Methoden, technieken en protocollen voor immunocytochemie

ICC Main Page > Celfixatie

Om de vrije toegang van het antilichaam tot zijn antigeen te verzekeren, moeten de cellen worden gefixeerd en permeabiliseerd. In het algemeen zijn de fixatiesterktes en -tijden voor cellen aanzienlijk korter dan voor de dikkere, structureel complexe weefselsecties. Voor immunocytochemie bestaat de voorbereiding van het monster hoofdzakelijk in het fixeren van de doelcellen op het objectglaasje. Een perfecte fixatie zou de antigenen immobiliseren, terwijl de authentieke cellulaire en subcellulaire architectuur behouden blijft en de antilichamen ongehinderd toegang krijgen tot alle cellen en subcellulaire compartimenten. Een breed gamma van fixeermiddelen wordt courant gebruikt en de juiste keuze van methode zal afhangen van de aard van het te onderzoeken antigeen en van de eigenschappen van het gebruikte antilichaam. Fixatiemethoden kunnen in het algemeen in twee klassen worden ingedeeld: organische oplosmiddelen en cross-linking reagentia. Organische oplosmiddelen zoals alcoholen en aceton verwijderen lipiden en drogen de cellen uit, terwijl de eiwitten op de celarchitectuur worden neergeslagen. Cross-linking reagentia (zoals paraformaldehyde) vormen intermoleculaire bruggen, gewoonlijk via vrije aminogroepen, waardoor een netwerk van gekoppelde antigenen ontstaat. Cross-linkers behouden de celstructuur beter dan organische solventen, maar kunnen de antigeniciteit van sommige celcomponenten verminderen en vereisen de toevoeging van een permeabilisatiestap om het antilichaam toegang tot het specimen te geven. Fixatie met beide methoden kan eiwitantigenen denatureren, en daarom kunnen antilichamen die tegen gedenatureerde eiwitten zijn bereid, nuttiger zijn voor celkleuring. Er worden verschillende fixatiemethoden beschreven. De geschikte fixatiemethode moet worden gekozen in overeenstemming met de relevante toepassing.

1. Acetonfixatie

  • Fixeer cellen in -20°C aceton gedurende 5-10 minuten.

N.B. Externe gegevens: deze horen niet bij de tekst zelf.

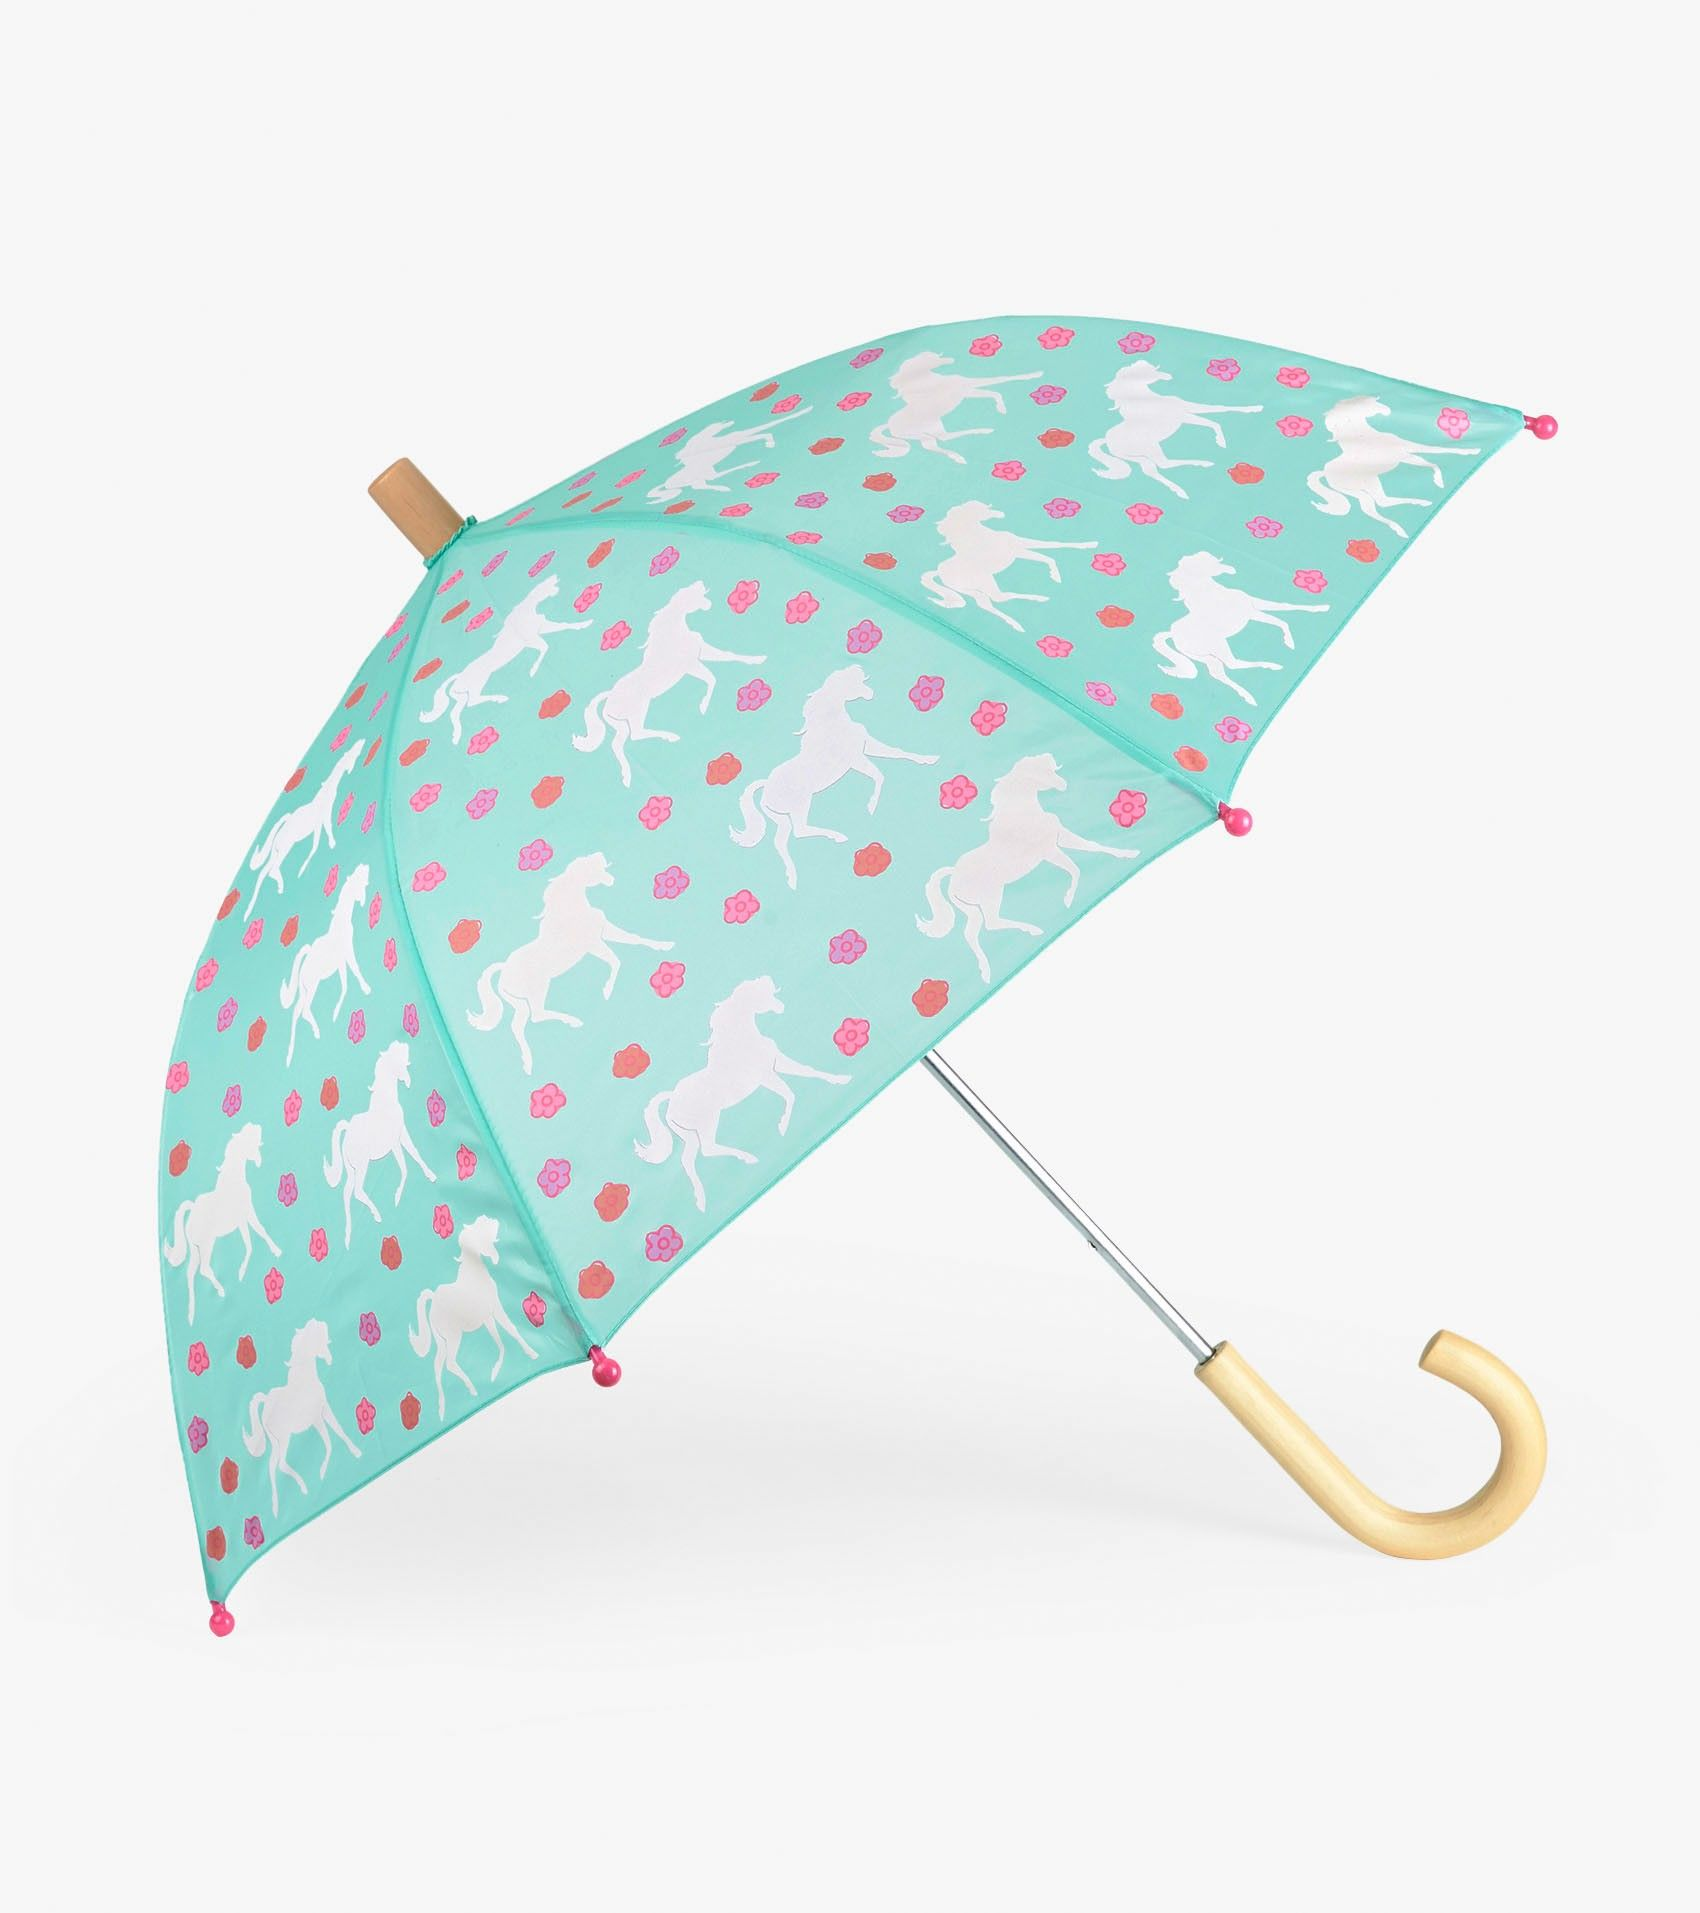 1e0722d1495a8 Galloping Horses Umbrella by Hatley | We ❤ rain | Rain wear ...
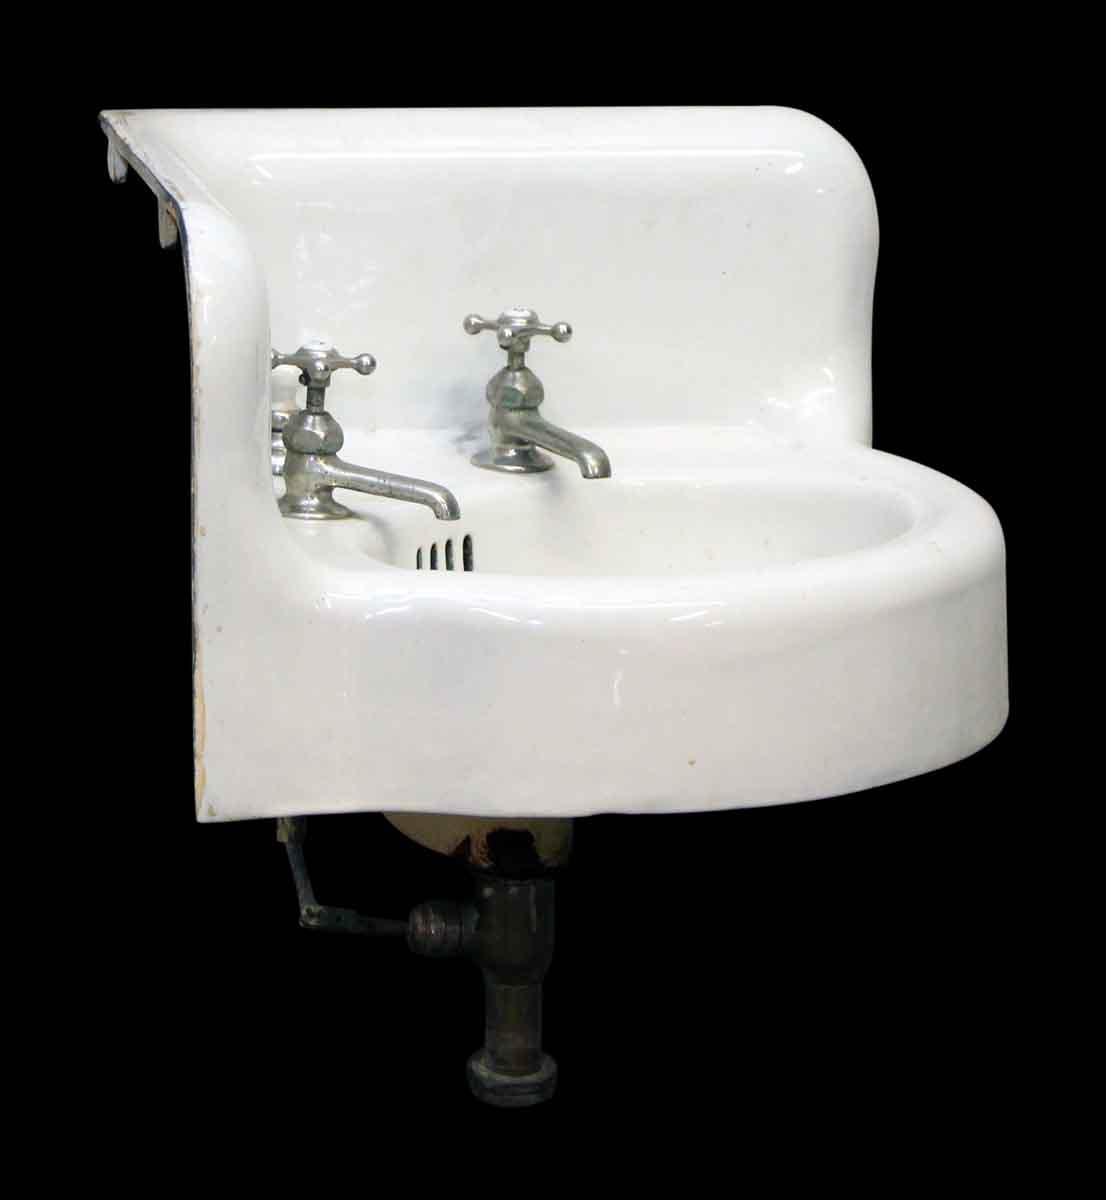 Porcelain Corner Sink With Original Hardware Olde Good Things

  • Geen permeabilisatiestap nodig na acetonfixatie.

2. Methanolfixatie

  • Fixeer cellen in -20°C methanol gedurende 5-10 minuten.

  • Geen permeabilisatiestap nodig na fixatie met methanol.

3. Ethanolfixatie

  • Fixeer cellen in gekoelde 95% ethanol, 5% ijsazijn gedurende 5-10 minuten.

4. Methanol-Aceton Fixatie

  • Fixeer in gekoelde methanol, 10 minuten bij -20 °C.

  • Verwijder overtollige methanol.

  • Permeabiliseren met gekoelde aceton gedurende 1 minuut bij -20 °C.

5. Fixatie met methanol-acetonmengsel

  • 1:1 methanol- en acetonmengsel.

  • Maak het mengsel vers en fixeer de cellen gedurende 5-10 minuten bij -20 °C.

6. Fixatie met een mengsel van methanol en ethanol

  • 1:1 mengsel van methanol en ethanol.

  • Maak het mengsel vers en fixeer de cellen bij -20 C gedurende 5-10 minuten.

7. Formalinefixatie

  • Fixeer de cellen in 10% neutrale gebufferde formaline gedurende 5-10 minuten.

  • Spoel kort met PBS.

  • Permeabiliseren met 0,5% Triton X-100 gedurende 10 minuten.

8. Paraformaldehyde-Triton Fixatie

  • Fixeer in 3-4% paraformaldehyde gedurende 10-20 minuten.

  • Kort spoelen met PBS.

  • Permeabiliseren met 0,5% Triton X-100 gedurende 10 minuten.

9. Paraformaldehyde-Methanol Fixatie

  • Fixeer in 4% paraformaldehyde gedurende 10-20 minuten.

  • Spoel kort met PBS.

  • Permeabiliseer met gekoelde methanol gedurende 5-10 minuten bij -20 °C.